It may appear that there are countless ways to influence your prospects into making a buying decision. Body language, closing techniques, handshakes and more play into all of this too.
But what if there were a secret few things that all these ideas are layer on top of?
What if there were a few core goals that all humans have that if you can pull on, would lead to massive levels of persuasion?
Frighteningly these secret switches of human persuasion exist in all of us and they are highly unconscious in most individuals.
1) Goal of affiliation
Humans are social animals. Most of the time they will make a great amount of effort to both be liked and to avoid rejection.
We don’t just want approval and respect from individuals, we want it from society as a whole. Conformity is within our very nature.
This is why things like giving value before asking for value back, including social proof in your prospecting and creating a community around your product or brand works so well.
2) Goal of accuracy
People don’t want to look like idiots. Looking foolish hurts their affiliation with others and so puts people on a hunt to always have the ‘right answer’.
If you’re seen as an expert in your field of sales your chances of closing the deal go up dramatically because people want to go with the best solution for their problem. Nobody wants second best as this might make them look stupid in the future.
3) Goal of maintaining self-image
A lot of people go through life not knowing who they really are. I’m 28 and it’s only been the past few years after a lot of work reading books and looking inward that I can start to say I know myself.
Hippy BS aside, because understanding your self-image takes a long time, people work very hard to protect it. This is why it’s very difficult to change someone’s mind once it has been made up even if they are clearly wrong about something.
Influencers can leverage this goal by simply making a smaller request before asking for a bigger one. Once someone has agreed to work with you on a smaller scale they are way more likely to do a bigger deal because they believe their initial response was the correct one and that you’re the right person to be dealing with.
Most people will go to surprising lengths to maintain their own positive self-image. The only place in my own experience where this fails is when selling directly with the entrepreneurs that founded large companies.

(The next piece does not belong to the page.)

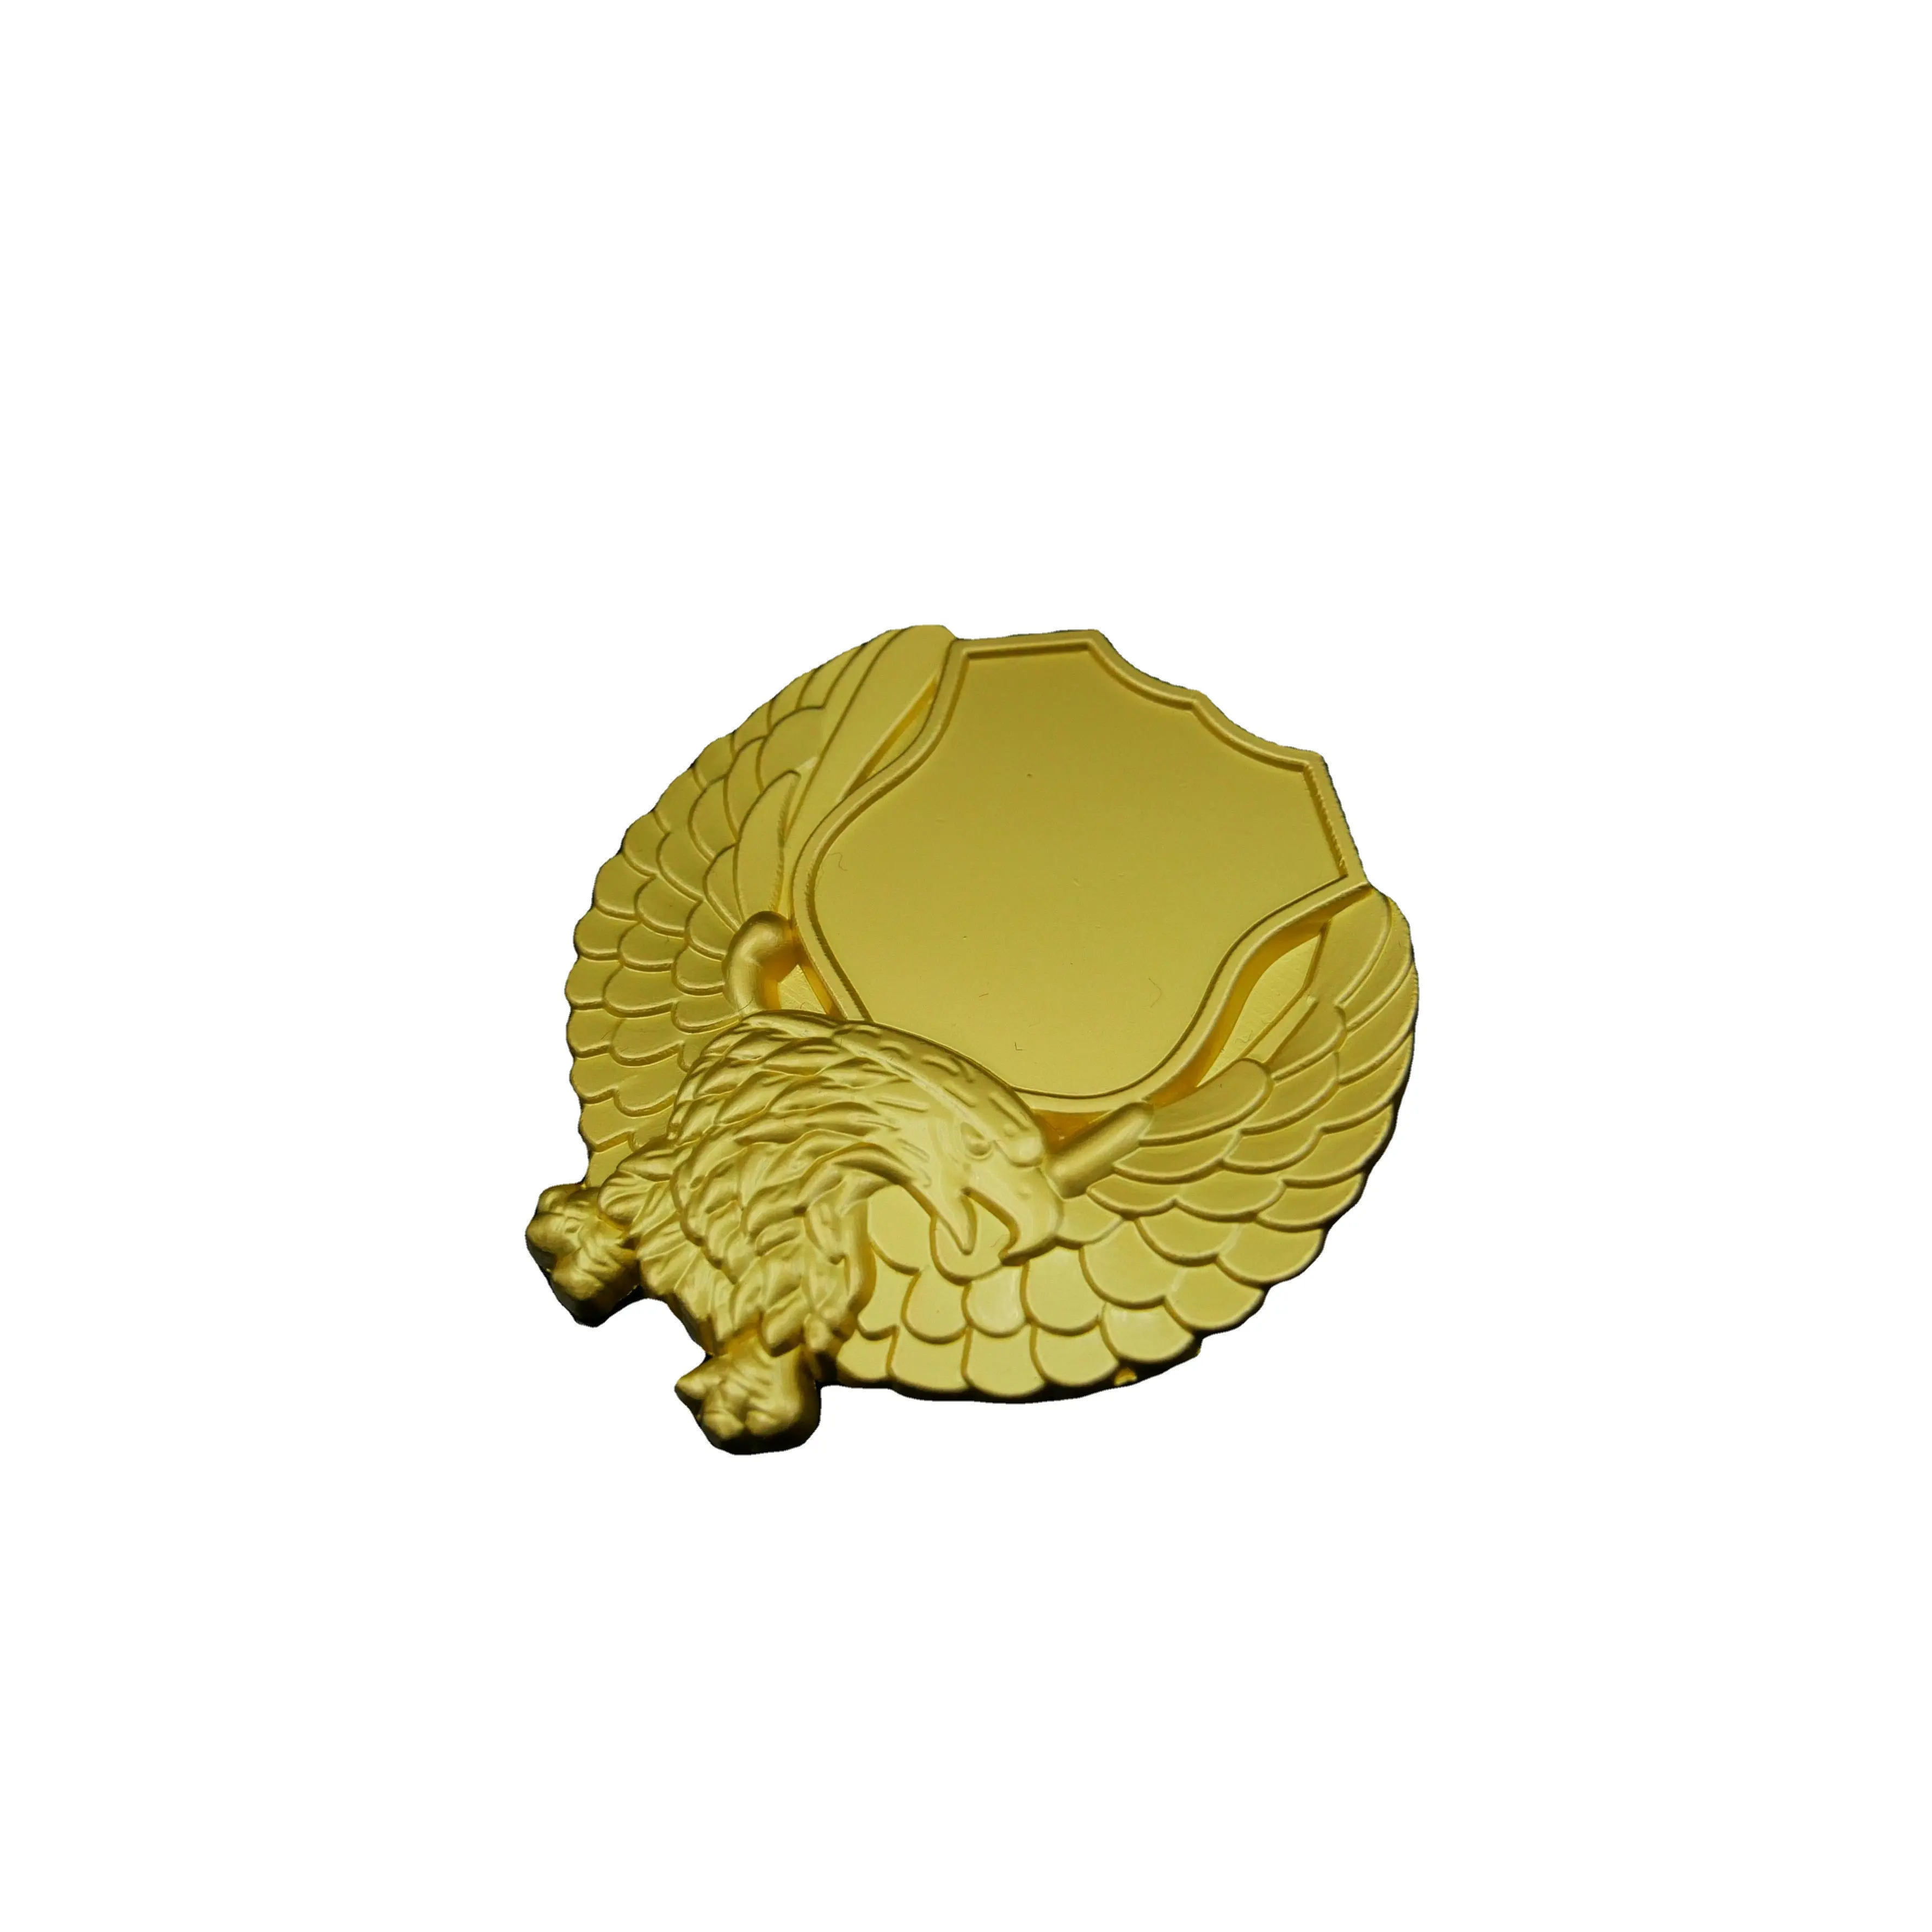 Metal 3D personalizado para artesanato com logotipo exclusivo, moeda de ouro e prata antiga personalizável, liga de zinco com desafio
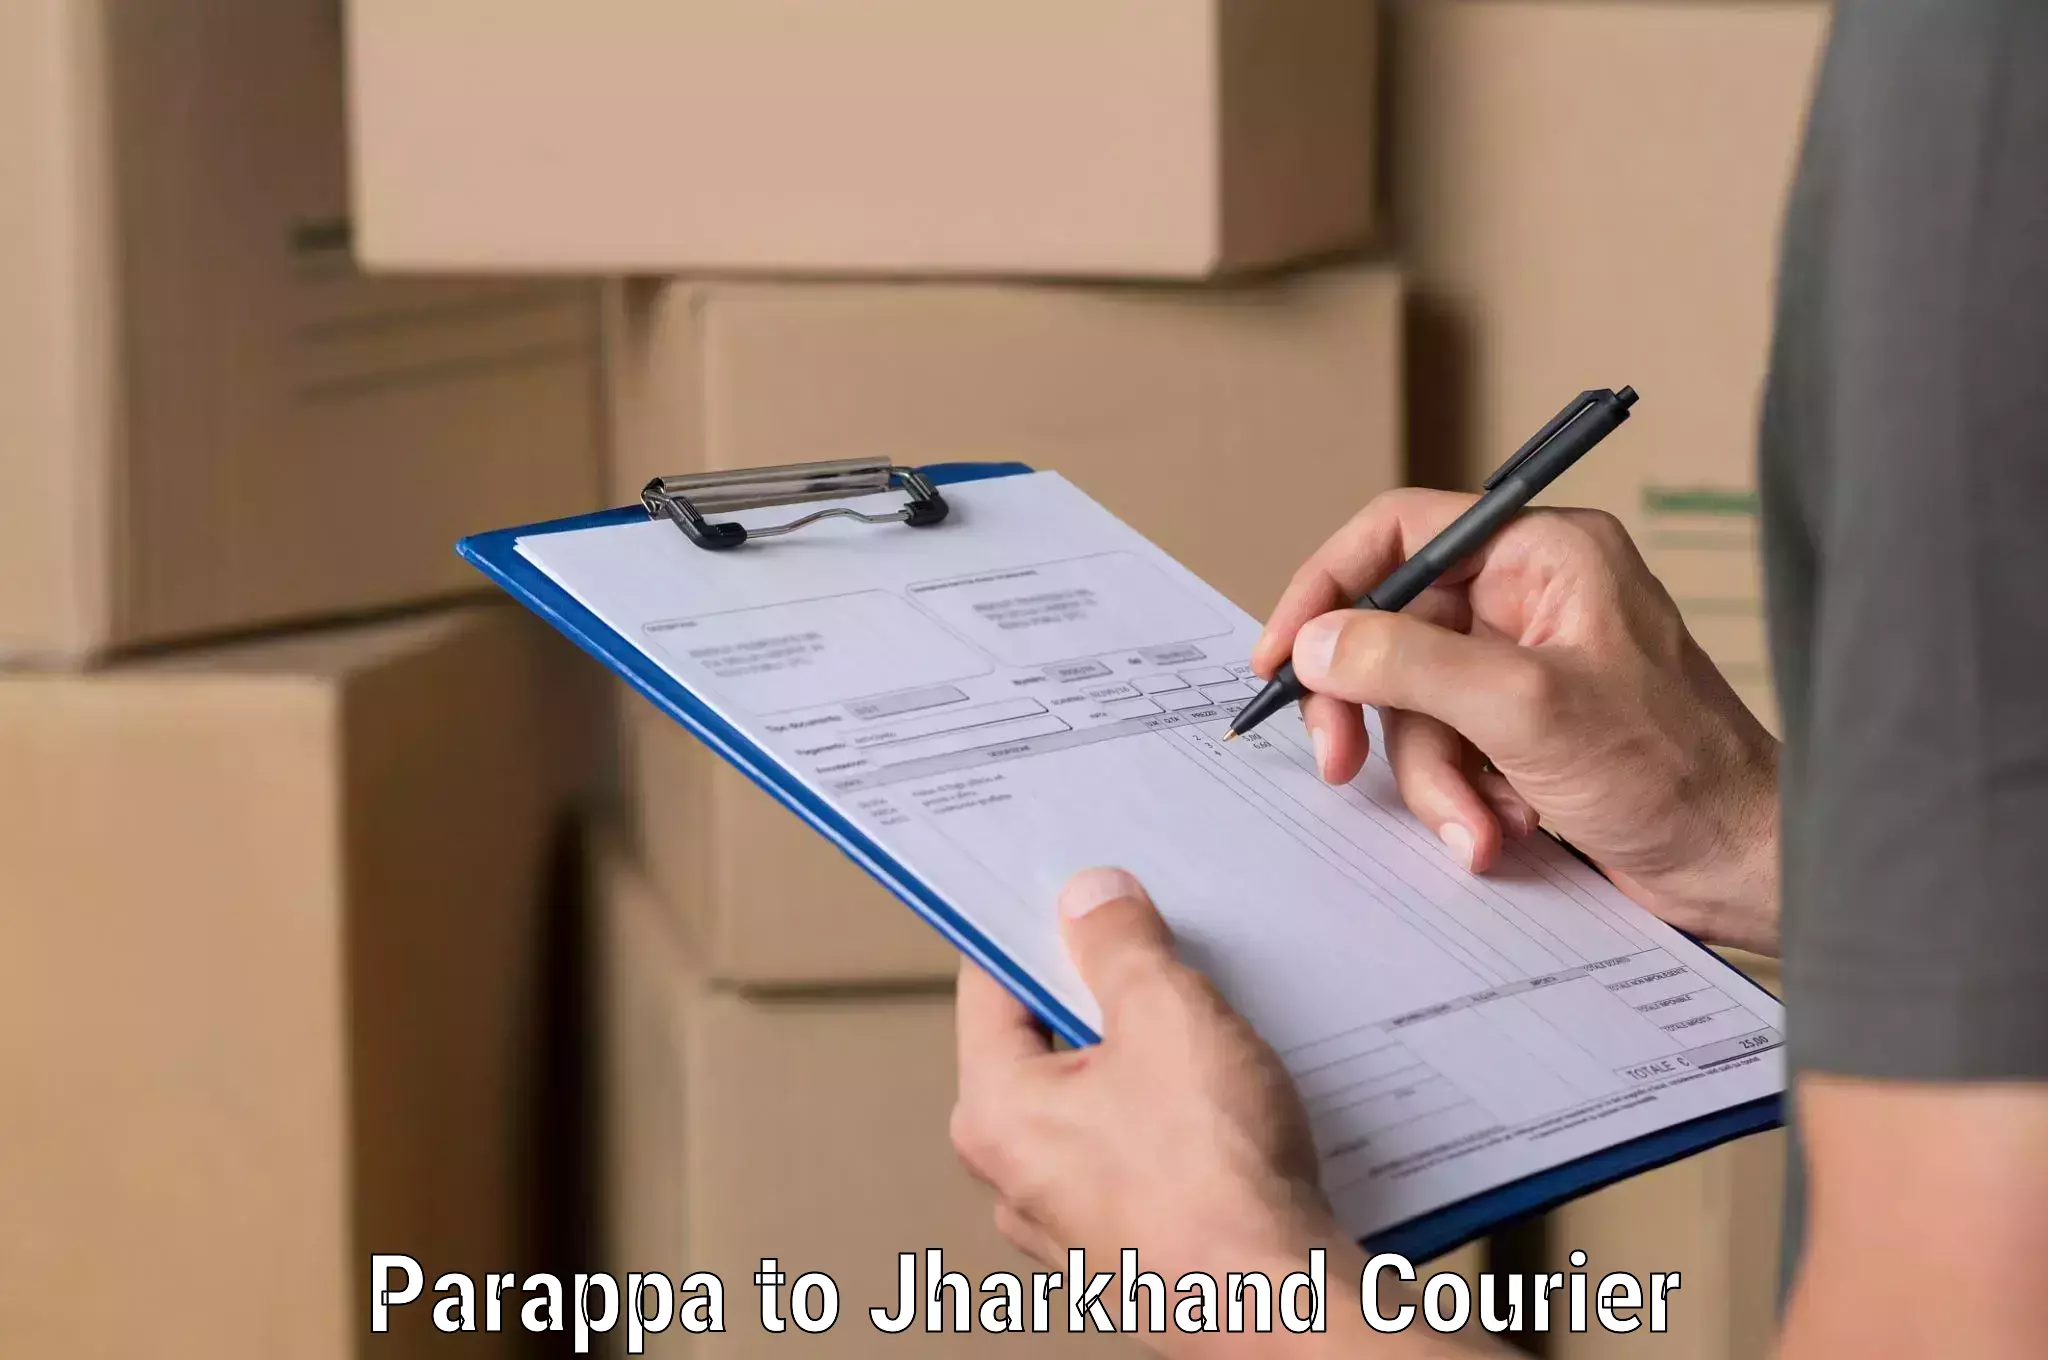 Multi-city courier Parappa to Chhatarpur Palamu

These guys know that their self-image has been created from not just their experiences but what they’ve wanted it to become and so are less swayable.
Unconscious
Everyone wants to be in with the cool crowd, be accurate and have a positive self-image but not everyone knows that pretty much everything they do is to move them closer towards these goals.
Chasing that girl, buying that car or even closing that special deal are all just actions that our unconscious is forcing us to do to get move closer towards acceptance.
If you can pull on any of these factors with your prospect with your pitch, product or service then you are leveraging an incredible amount of influence over your prospect.